## PROBLEM DETAILS
The following data needs to be repeated exactly, with all images excluded.

## INPUT DATA
========

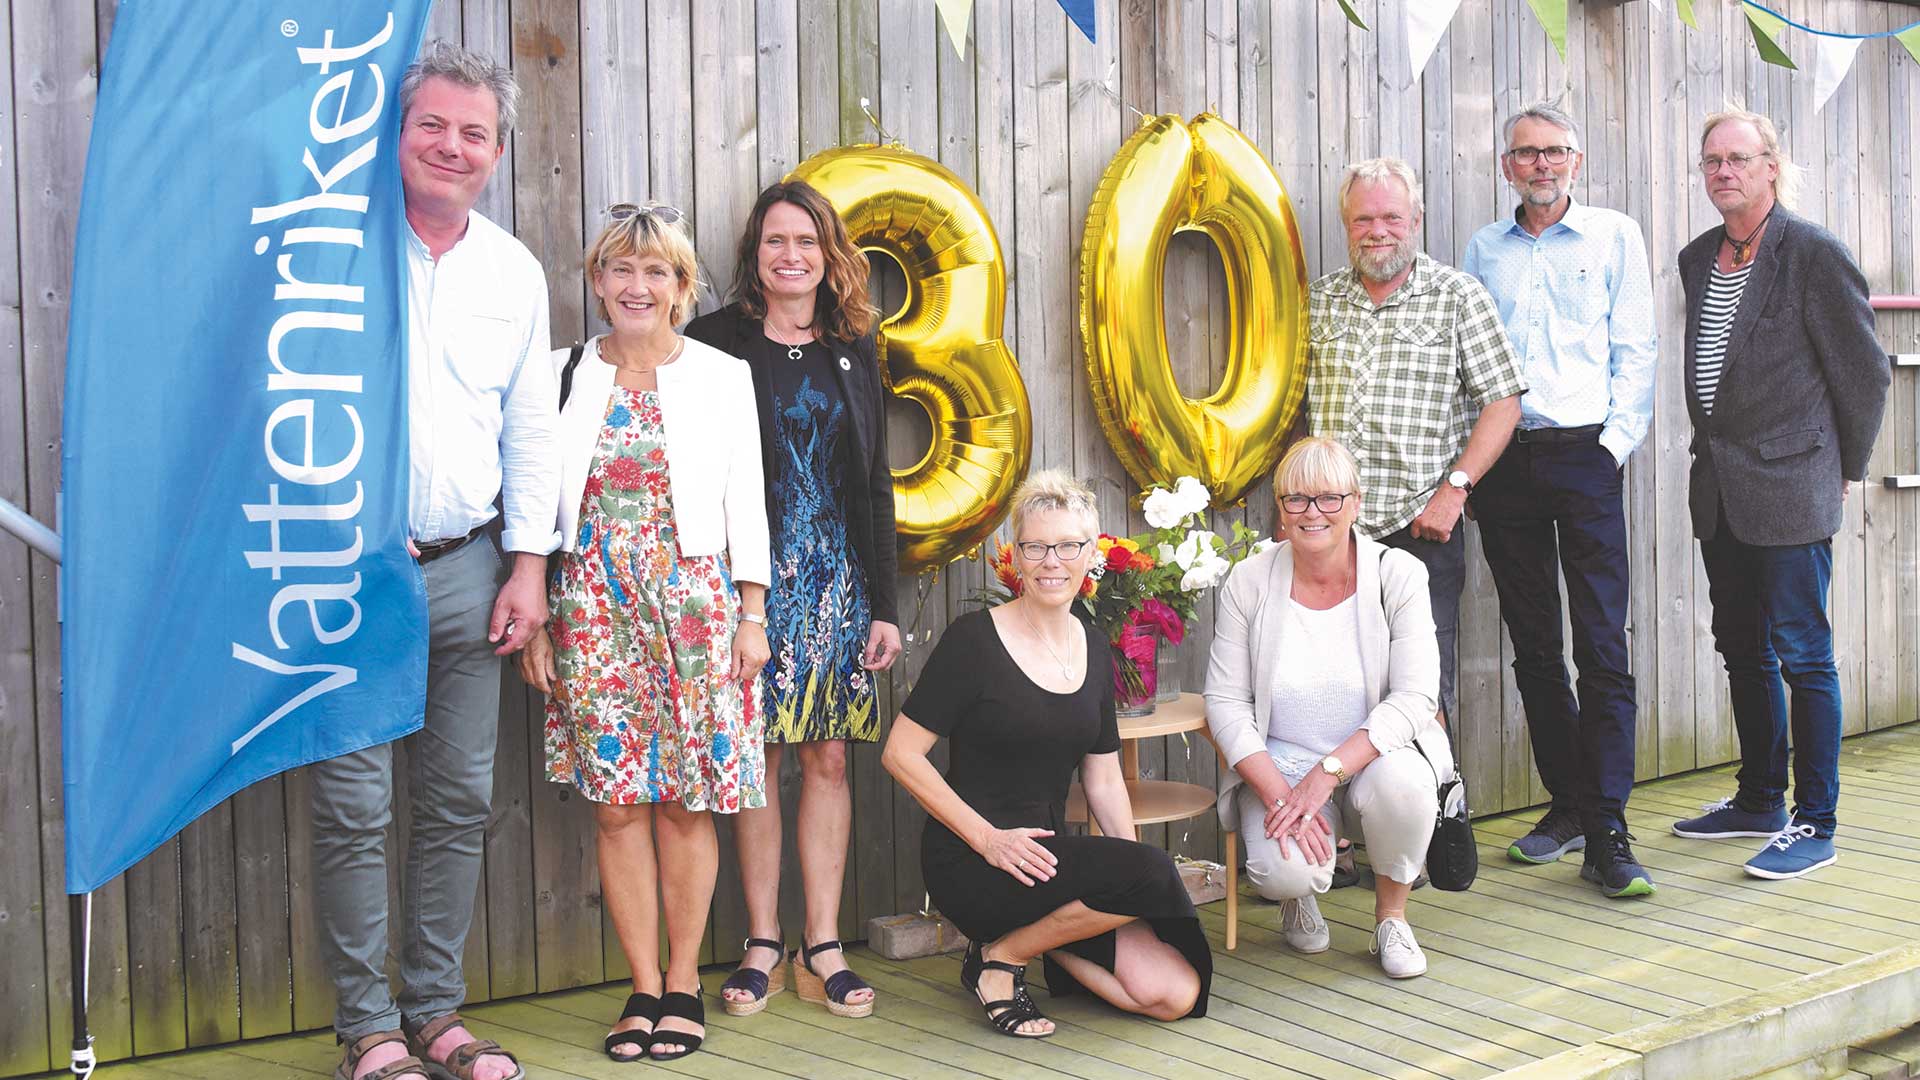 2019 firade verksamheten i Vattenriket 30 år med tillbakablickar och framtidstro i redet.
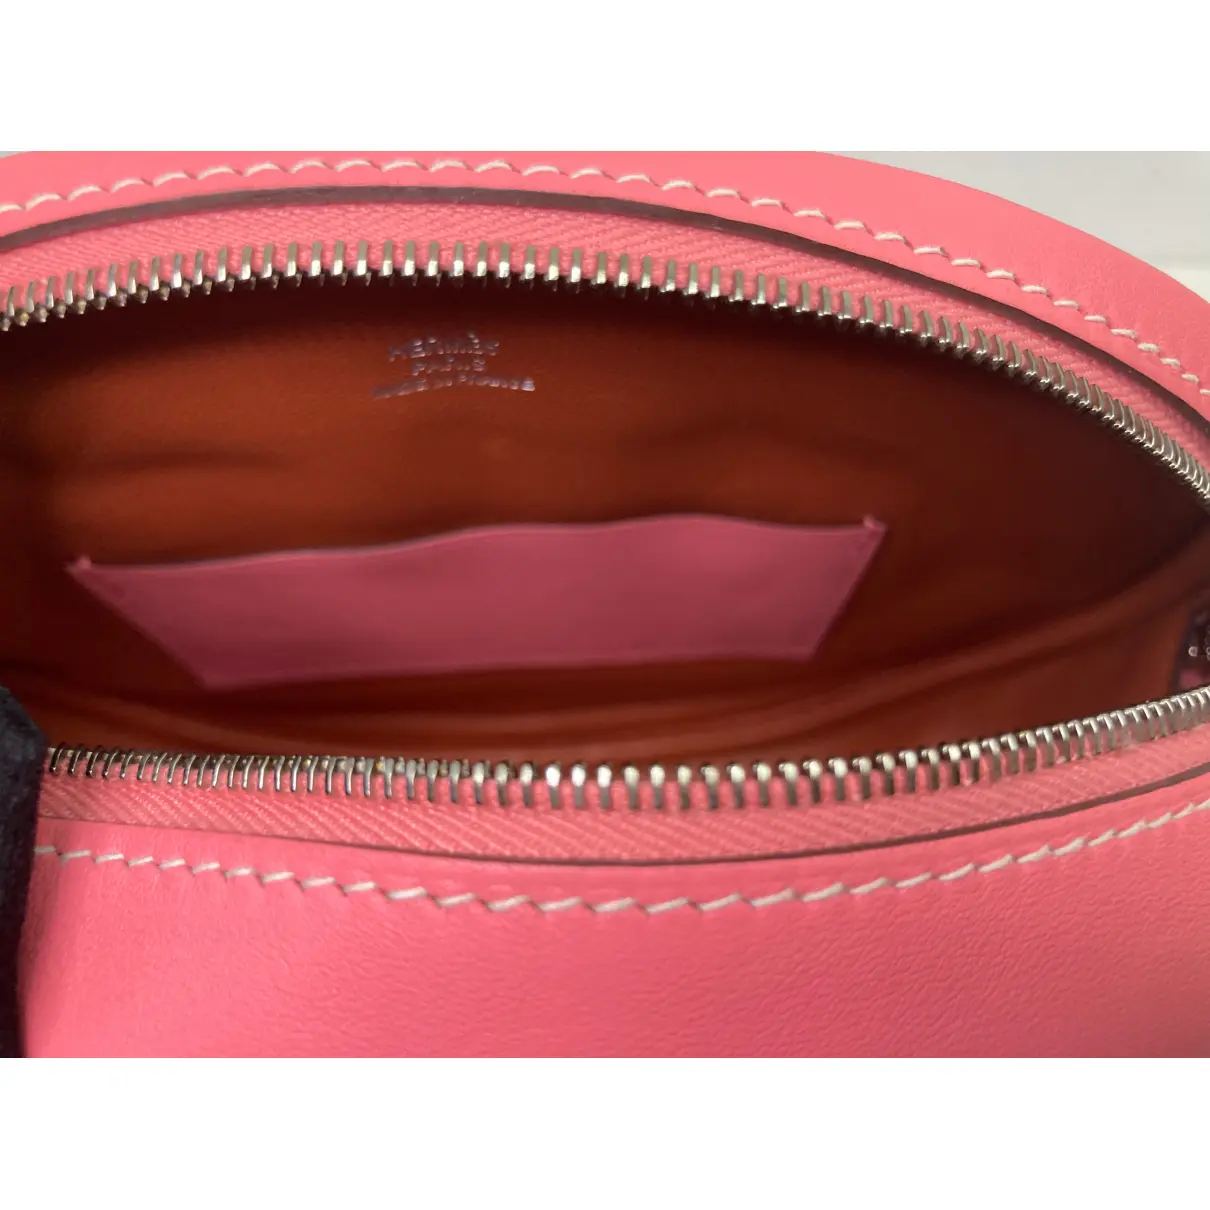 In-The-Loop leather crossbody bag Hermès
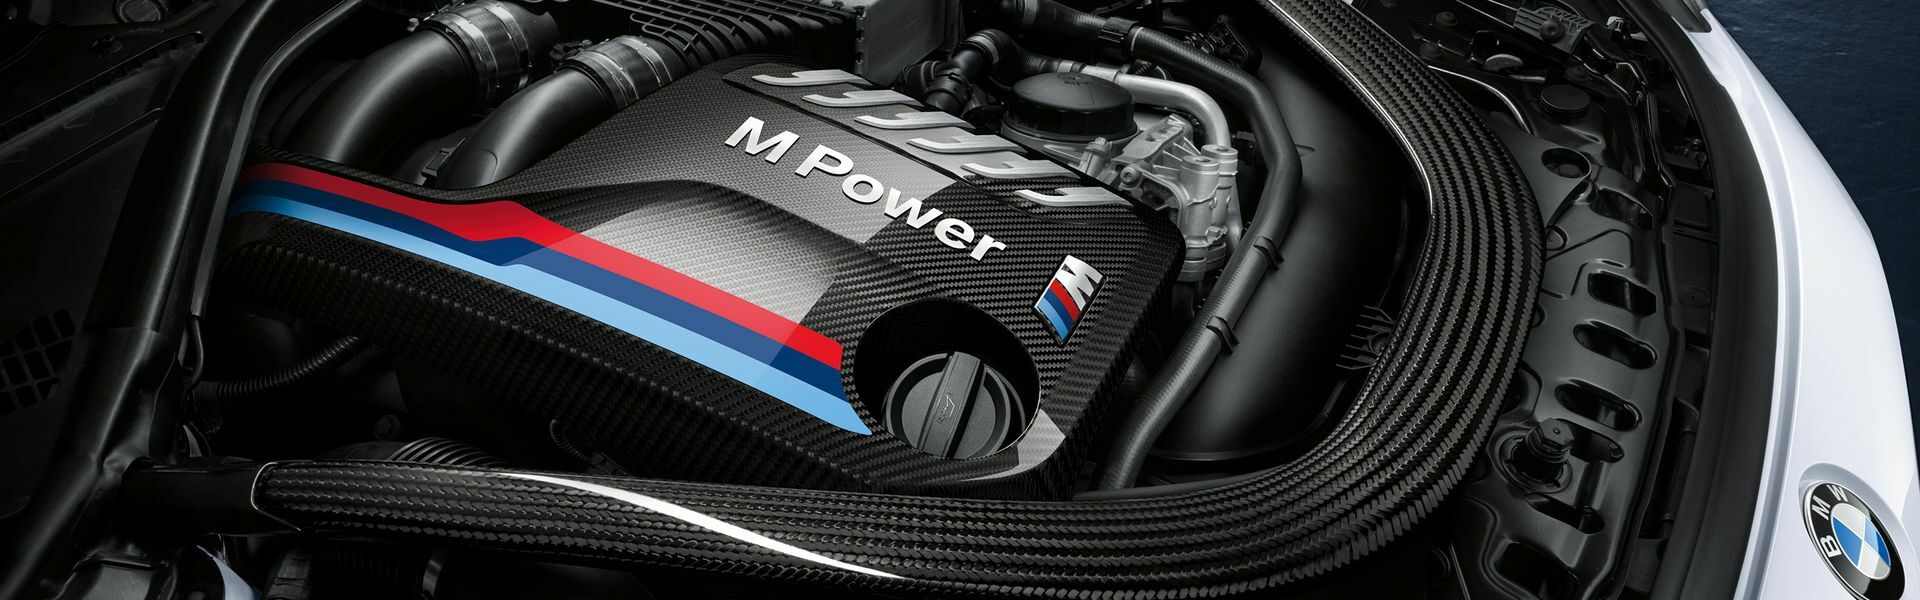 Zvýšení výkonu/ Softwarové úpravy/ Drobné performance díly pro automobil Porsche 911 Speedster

========

## RESPONSE
 2019 firade verksamheten i Vattenriket 30 år med tillbakablickar och framtidstro i redet.
 In-The-Loop leather crossbody bag Hermès
 Zvýšení výkonu/ Softwarové úpravy/ Drobné performance díly pro automobil Porsche 911 Speedster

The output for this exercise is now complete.